There are only a handful of government hospitals offering psychiatric
treatment to FATA residents, so most patients turn to overcrowded
private clinics and commercial hospitals, almost all of which are
located in Peshawar, an expensive, four-hour drive from North
Waziristan. “The children's situation is even more pathetic, since
nobody notices their issues and children cannot explain it
[themselves],” said Hussain.
One of the few places children do receive treatment is at relief camps
like the Jalozai Camp just outside Peshawar, where more than 12,000
children live, but they are a fraction of those fleeing the war.
Millions of FATA residents have been displaced, but the authorities
believe less than 20 percent have spent time in relief camps.
“What little resources are available are spent on camps, and that…

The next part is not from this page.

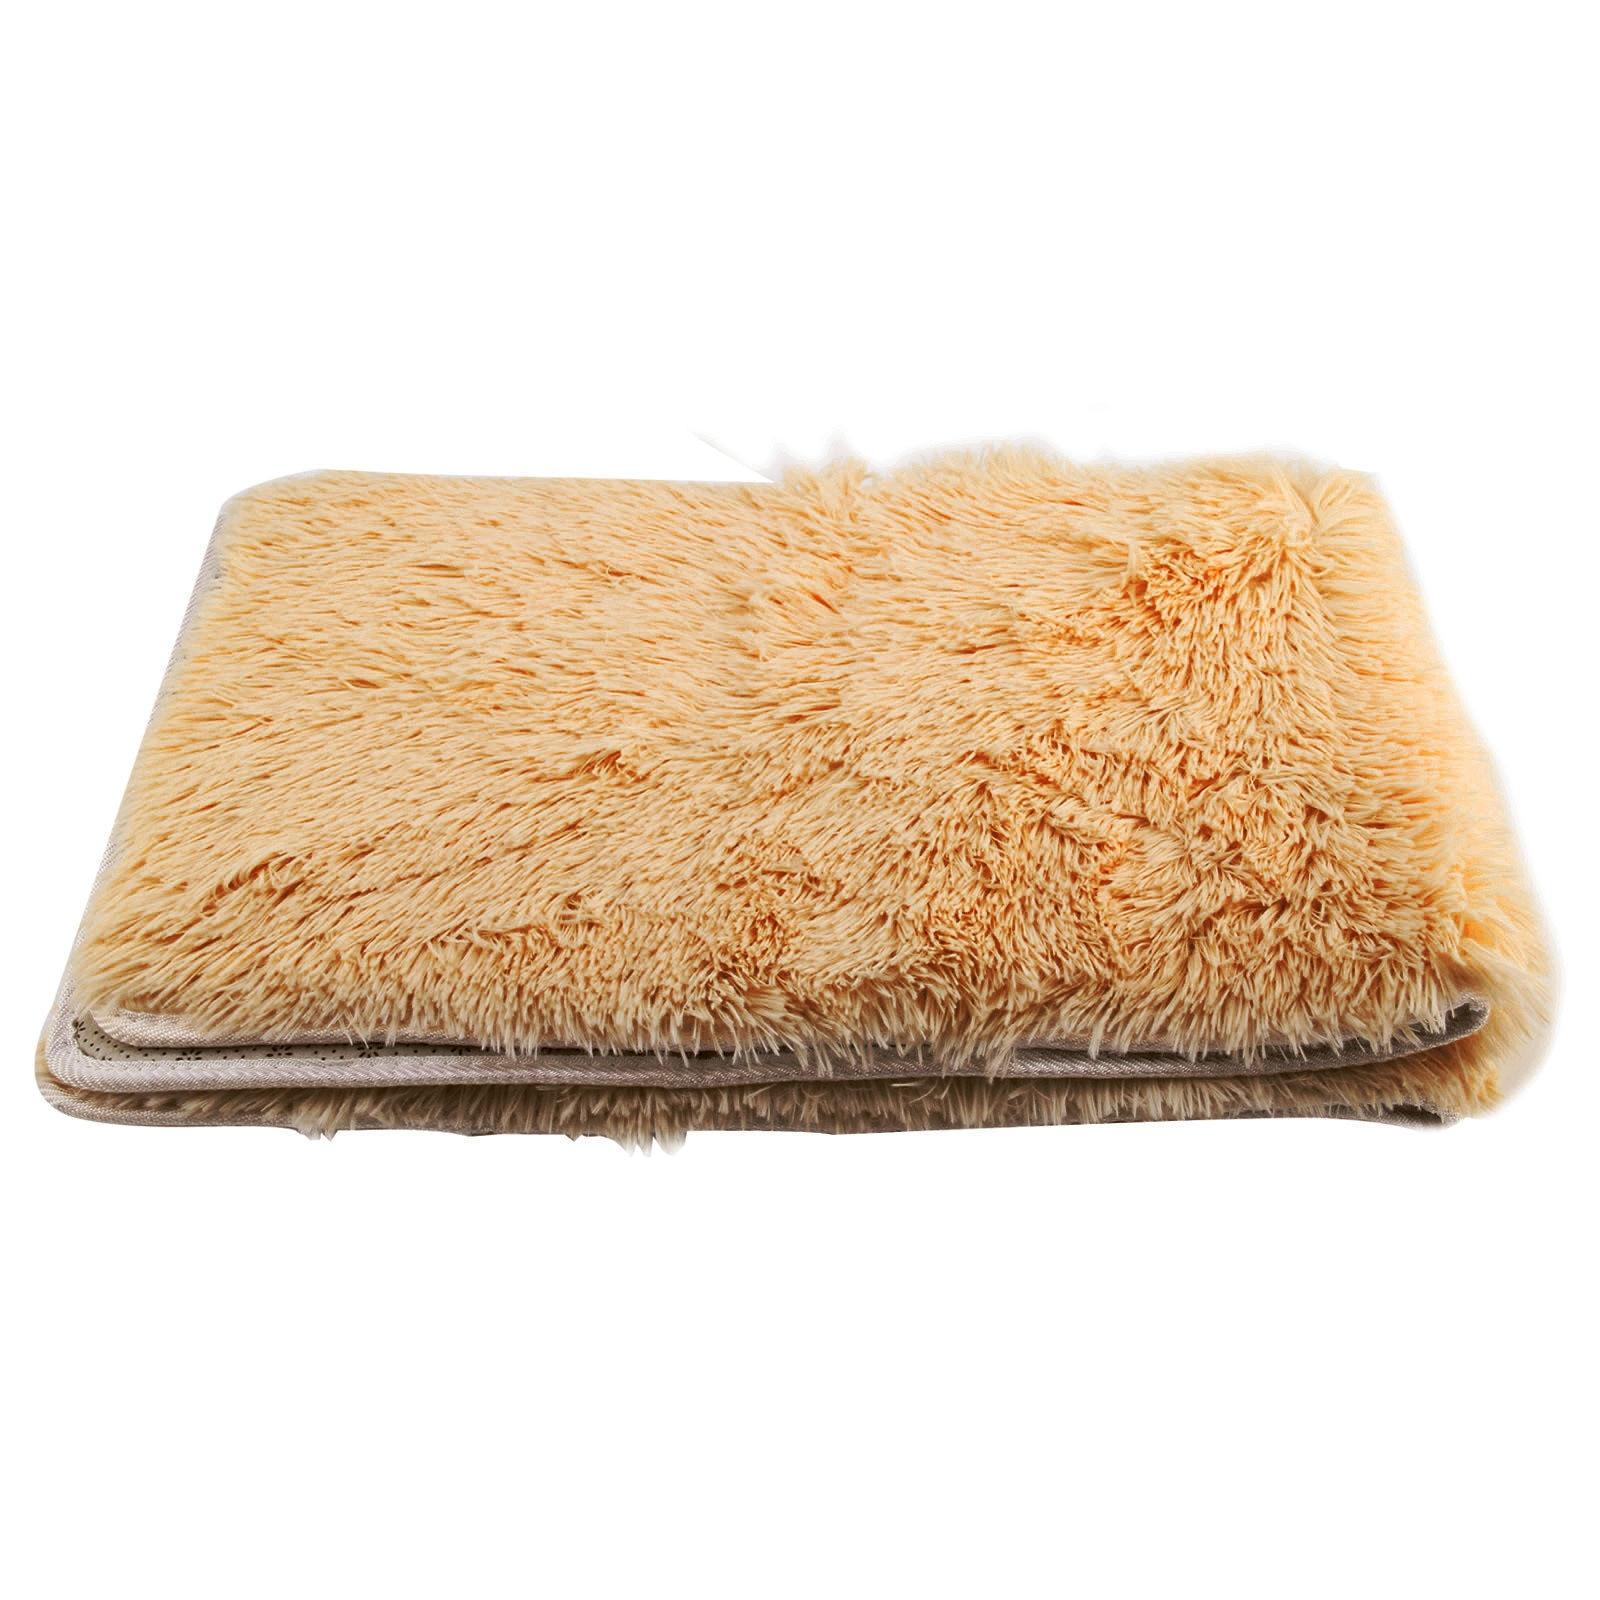 Alfombra de área peluda mullida antideslizante rosa, alfombra de Yoga, Alfombra de dormitorio, Alfombra de comedor, Alfombra de piso textiles para el hogar
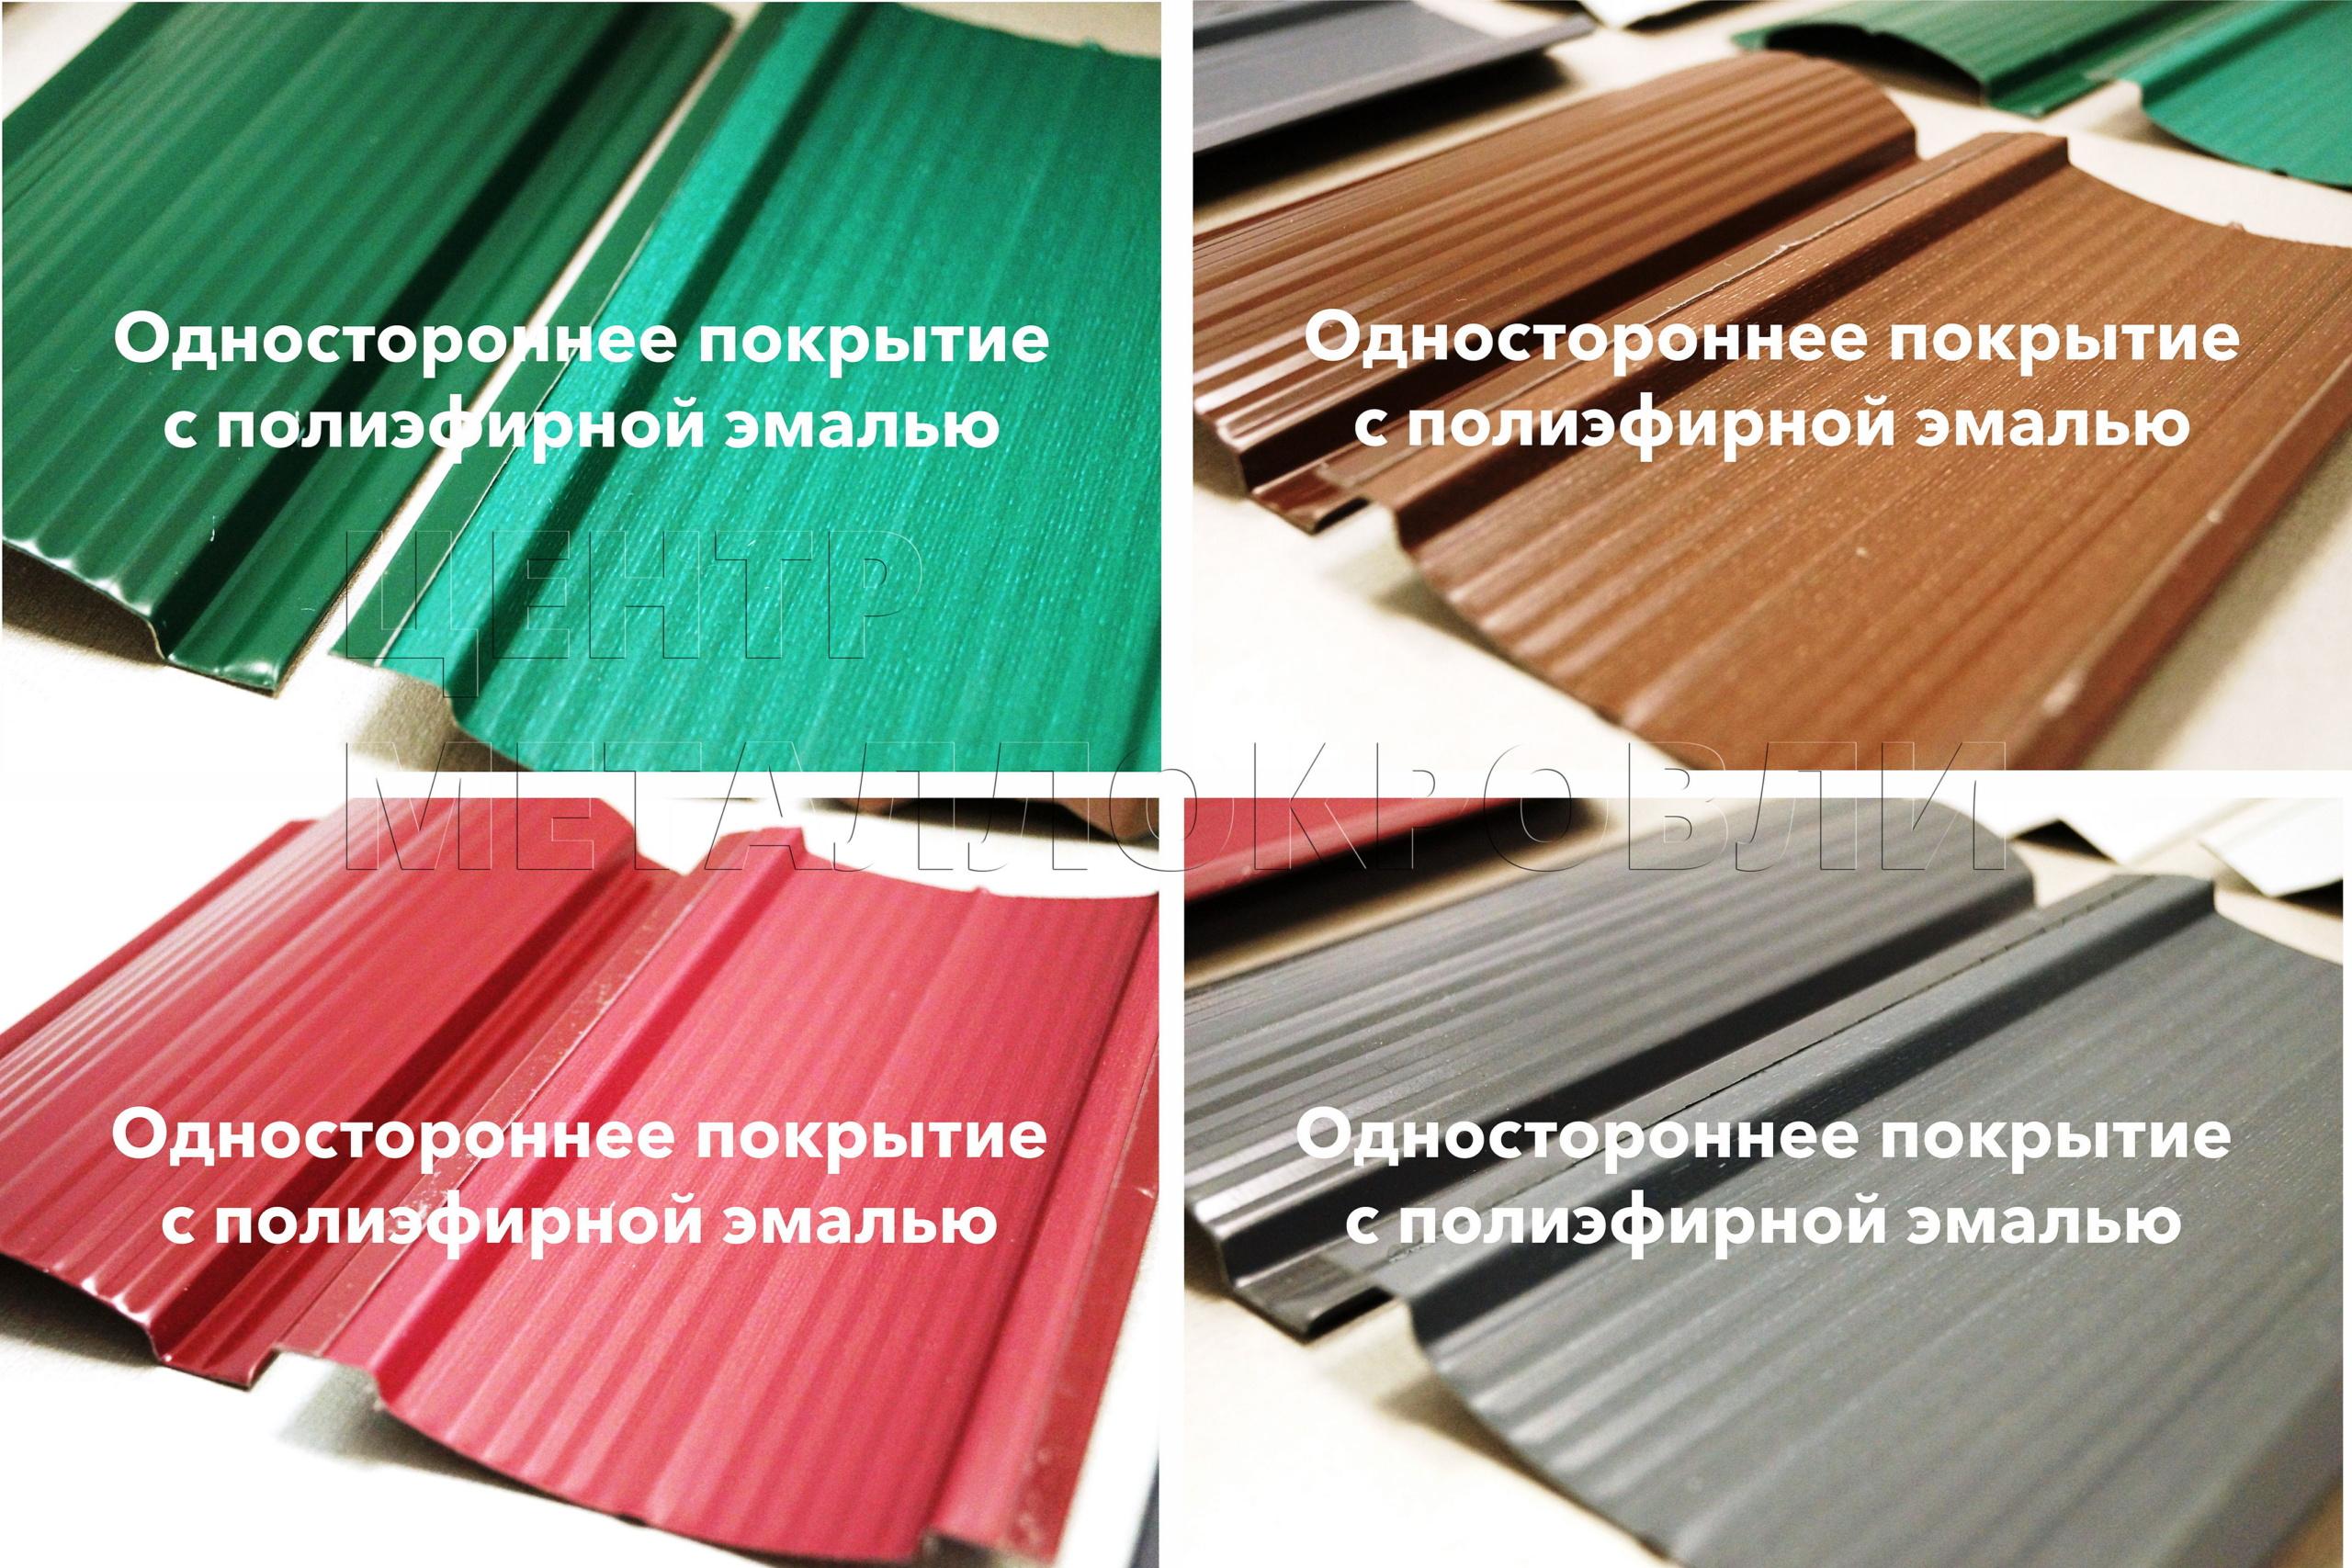 Евроштакетник покрытие одностороннее двустороннее полиэфирная эмаль грунт в цвет - 11

[covers] only a fraction of the population,” Ali Askar, a professor at
the University of Peshawar who is researching the impact of conflict on
children, told IRIN.
“The situation is so chaotic that nobody cares about these children and
the future of this region,” he said. “If proper attention is not given
to these children, they will definitely go on to a life of crime, if
they don't become lethal assets for terror networks.”
No fun and games
After 11 September 2001, Al-Qaeda set up special camps in North
Waziristan to train children, a task that was overseen for years by the
group's top leadership. A special group of child fighters, called Jaish
ul Tifal, was set up. The original camps are closed now, and most of the
Arab instructors have fled Pakistan, but the tactic has inspired a host
of other groups in North Waziristan to start their own programmes to
recruit children.
During the offensive to retake the Swat valley from Taliban militants in
2009, the Pakistani military claimed to have stumbled on a
training camp
for child suicide bombers and recovered some 200 children prepared to
carry out suicide missions. The children told local authorities that
before the raid there were 1,200 other children in the camp, many either
bought at prices ranging from US$700 to $1,400, or taken forcibly from
their parents to be trained as suicide bombers.
Children as young as 12 have appeared in propaganda videos released by the Taliban, beheading prisoners.